I have read Roberton's text on CT and am currently plowing through Horton. One observation so far is that Horton sets a clear delineation between CoW and CoG, where Robertson seems to overlay them more viewing the Mosaic covenant as an administration of the CoG. Would it be fair to say that Horton does not view the Mosaic covenant as administering the CoG? Does Robertson see two covenants in scripture? My reading of Robertson is that Abraham, Moses, David and Christ were all _different administrations_ of grace (he uses some different terminology for the covenants), implying that the law is one method that God used to administer the CoG at that time (and continues to in a sense). In my view Horton delineates the two more clearly, viewing the CoG as God's intention for salvation and the CoW as God's intention for land promises (and general corporate blessing continuing into the NT).

To those CT experts out there: am I understanding the contrast between Horton and Robertson fairly?


----------



## torstar (Jul 19, 2010)

Moses and the two covenants is.... kinda.... complicated....

Horton's book requires at least 3 readings to fully grasp. Quite the "introduction" it is.


----------



## Miller (Jul 21, 2010)

I've read Horton's book twice and some of Robertson. I'm looking forward to reading some differences.


----------



## nnatew24 (Jul 21, 2010)

MRC said:


> I have read Roberton's text on CT and am currently plowing through Horton. One observation so far is that Horton sets a clear delineation between CoW and CoG, where Robertson seems to overlay them more viewing the Mosaic covenant as an administration of the CoG. Would it be fair to say that Horton does not view the Mosaic covenant as administering the CoG?
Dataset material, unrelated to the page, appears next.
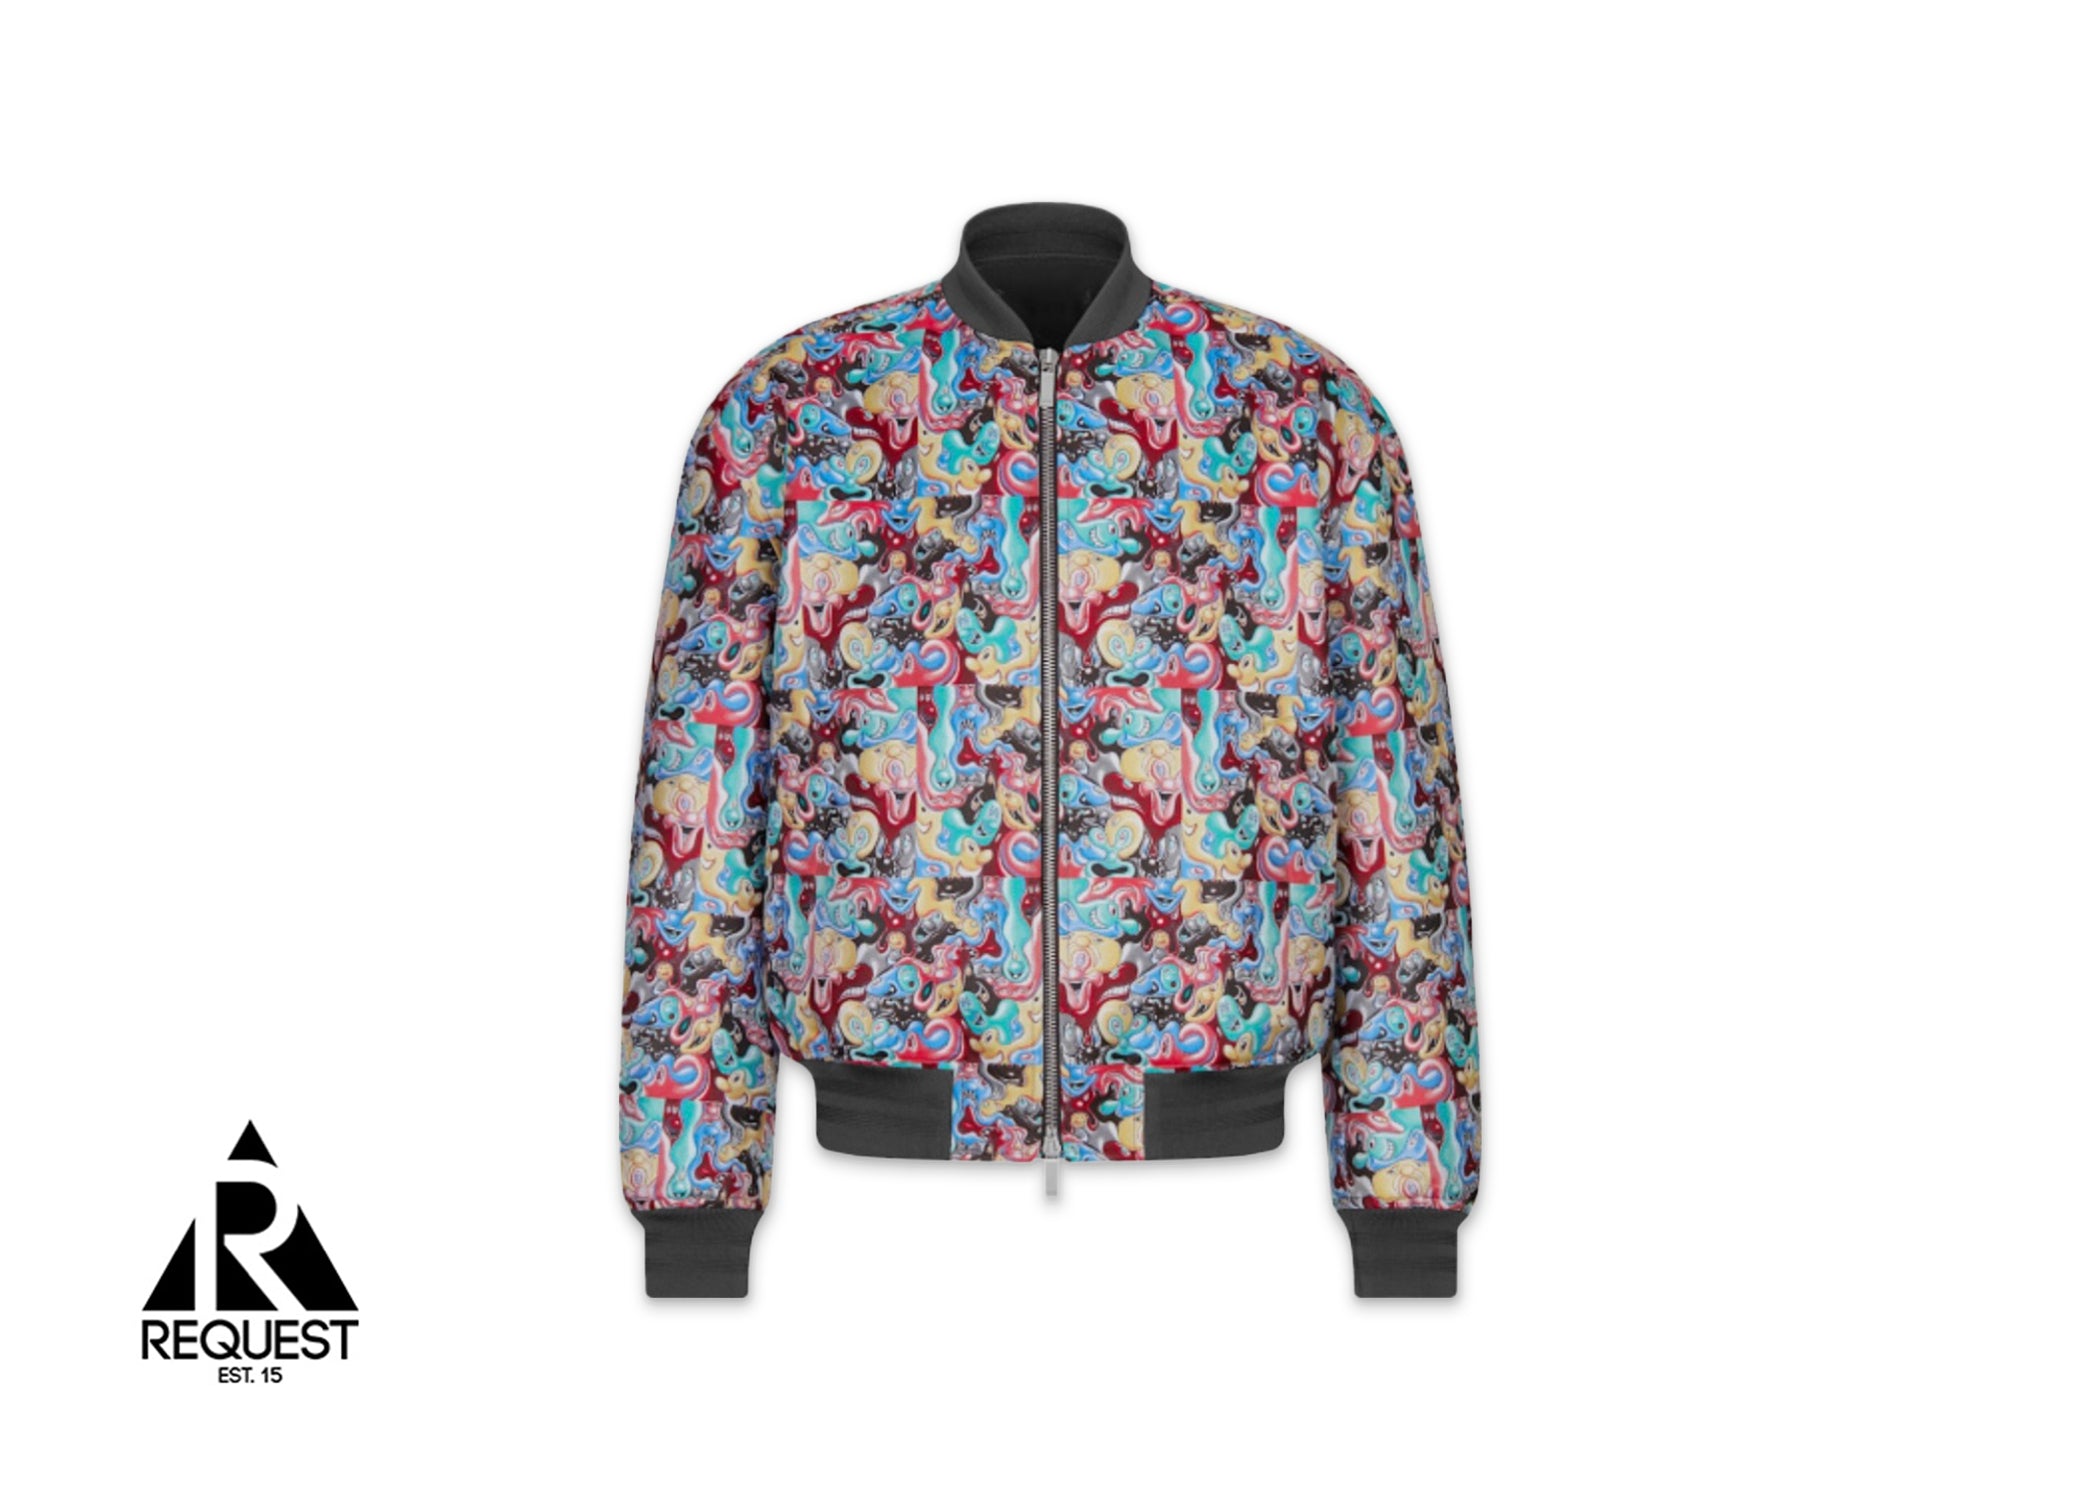 Dior Kenny Scharf Bomber Jacket “Multicolor

I've read both books very carefully, and I have seen the same thing. Horton makes a much sharper distinction between law and promise than Robertson. However, I found Horton to be a bit obscure at times. It's tough for me to really nail down what he believes. I read the book twice and still had a number of questions about his position(s). But from all I've read of him, it seems to me that he does see the Mosaic Covenant as a CoG; how this works out in his theology is a little uncertain.



MRC said:


> Does Robertson see two covenants in scripture? My reading of Robertson is that Abraham, Moses, David and Christ were all _different administrations_ of grace (he uses some different terminology for the covenants), implying that the law is one method that God used to administer the CoG at that time (and continues to in a sense). In my view Horton delineates the two more clearly, viewing the CoG as God's intention for salvation and the CoW as God's intention for land promises (and general corporate blessing continuing into the NT).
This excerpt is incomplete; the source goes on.